Discussion in 'Structured Educational Program' started by Willow, Oct 10, 2016.

  1. Willow

    Willow New Member

    Hi All,

    My main reason for learning about TMS was not to do with chronic back pain but far more to with chronic fatigue, IBS, depression and anxiety, back pain is a very minor issue for me however the whole TMS concept is just as relevant. When I read the article that accompanies Day 11 SEP http://www.runnersworld.co.za/injury-prevention/health-fitness/mind-over-matter/ (Mind Over Matter - Runner's World) with Dr. David Schechter it reminded me of a back injury that I sustained many years ago.

    I was about 11/12 yrs old and I had some cousins come over to visit me so I decided to play that good old game of pretending that my bed is a trampoline and we all had a go at doing somersaults etc. It was great fun until I took my turn and I didn't quite roll over far enough when I was doing a somersault and fell very badly. This was probably the most agonising pain I had ever felt in my life, I heard the cracks in my back as I fell and I was also badly winded so couldn't cry out. Absolute panic went through my mind, I don't think it has occurred to me until now that I must have thought I was going to die there and then. Thankfully the air came back into my lungs and I was relieved, my cousins (who are about the same age as me) didn't know what was happening or what to do but they too seemed relieved.

    My back was still in agony and I just felt scared and lonely because I didn't want to tell my parents about it because it was quite likely that I would have been told off for doing something so stupid. Their general attitude whenever I was ill was to trivialise it or dismiss it, I always felt as if I was putting them out when asking for basic help. It was frightening to be in such pain and to not know what the hell is going on, there was a great deal of pain in back for at least 6 weeks I seem to recall.

    This was yet another event that contributed to me being in a hypervigilant state and avoiding situations which may lead to pain and danger, I quote from the article "...“Fear can set off a fight-or-flight system. Your muscles tighten and you burn up resources like adrenaline and energy reserves...this puts you at a disadvantage, leading to premature fatigue and sluggish, inefficient running.”

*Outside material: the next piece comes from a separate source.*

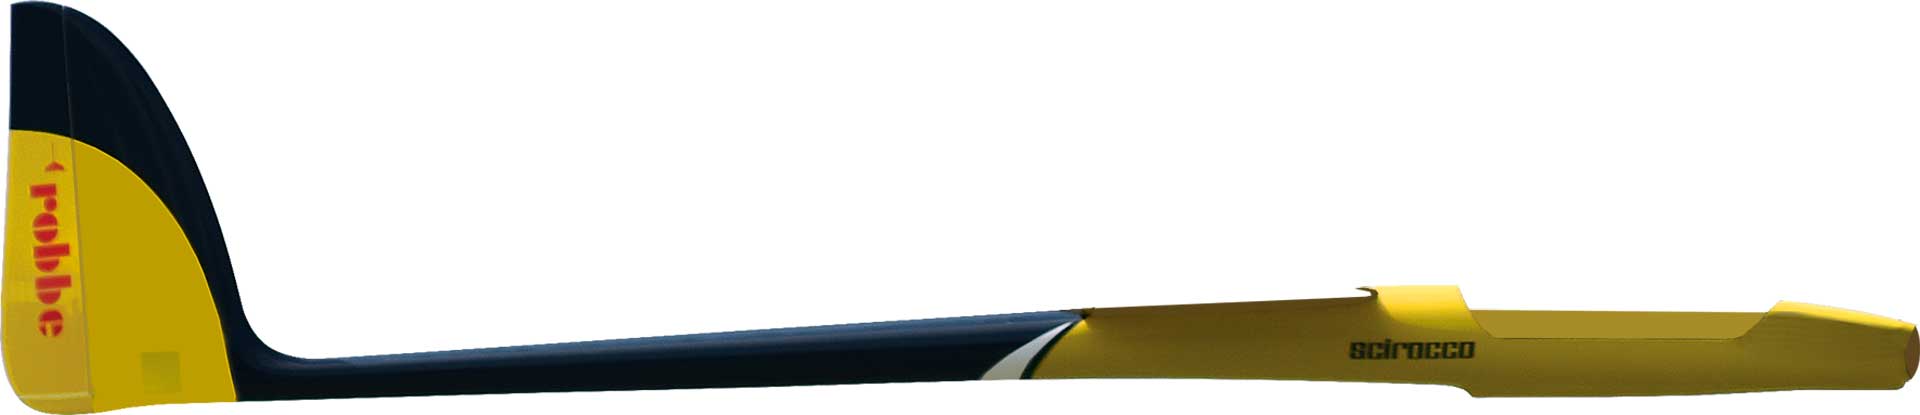 Robbe Modellsport Rumpf SCIROCCO L 4,0M PNP inkl. Servos für Höhe und Seite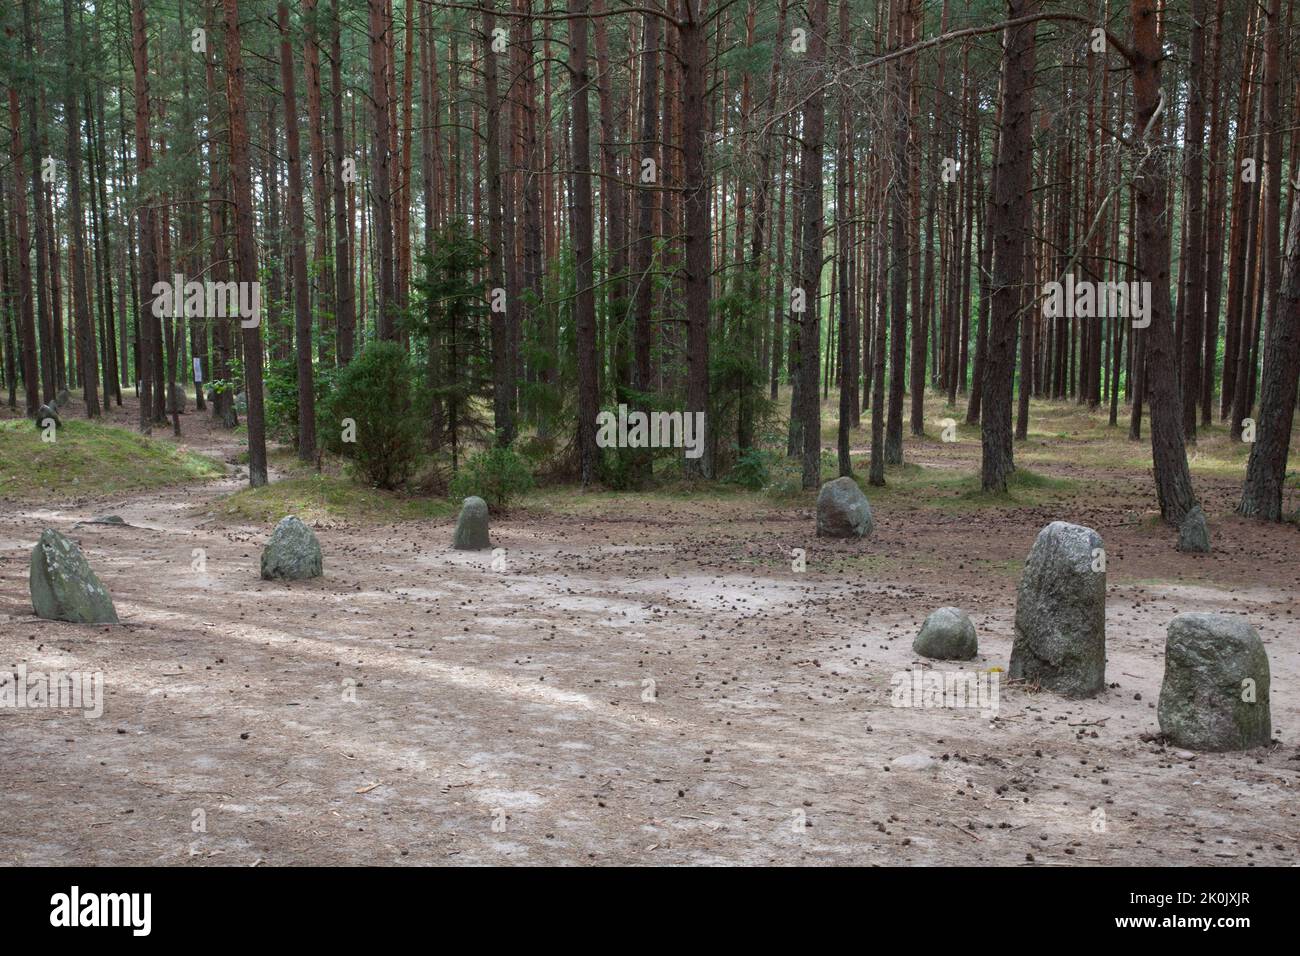 Cercles de pierre mégalithique en Węsiory Pologne - Kamienne kręgi Węsiory Polska Banque D'Images

    I have long been aware of this but learning about TMS has really driven the point home to me and thats why I stopped doing 'back bridging exercises' as soon as I first heard about this a few weeks ago and my back has been fine. Clearly the emotional pain and scars were far more significant than the considerable physical agony I had sufferred. Now it feels just great to know that fear can no longer hold me hostage, I am a free man.

  2. Walt Oleksy (RIP 2021)

    Walt Oleksy (RIP 2021) Beloved Grand Eagle

    Hi, Willow. You've done a great job of reflecting on the repressed emotions of your boyhood back pain. I'm glad the back pain is gone, but sorry you have the other symptoms. Fatigue, IBS, Depression, and anxiety are familiar to me and many others. They are also typical symptoms of TMS. We are all living in very stressful times and those can add to our personal repressed emotions.

    Deep breathing, positive affirmations, total belief that TMS will make us healthier and happier are the things you need to do. Watch as little TV news as you can since it is so depressing. Try to find ways to relax that do not involve watching electronic devices, or keep that to a minimal. Listen to music you like, read a good book, watch a funny movie. Be grateful for all the good things and people in your life. Live in the present moment, not the past or future.
  3. Willow

    Willow New Member

    Dealing with the present moment is I think the most powerful tool I have available.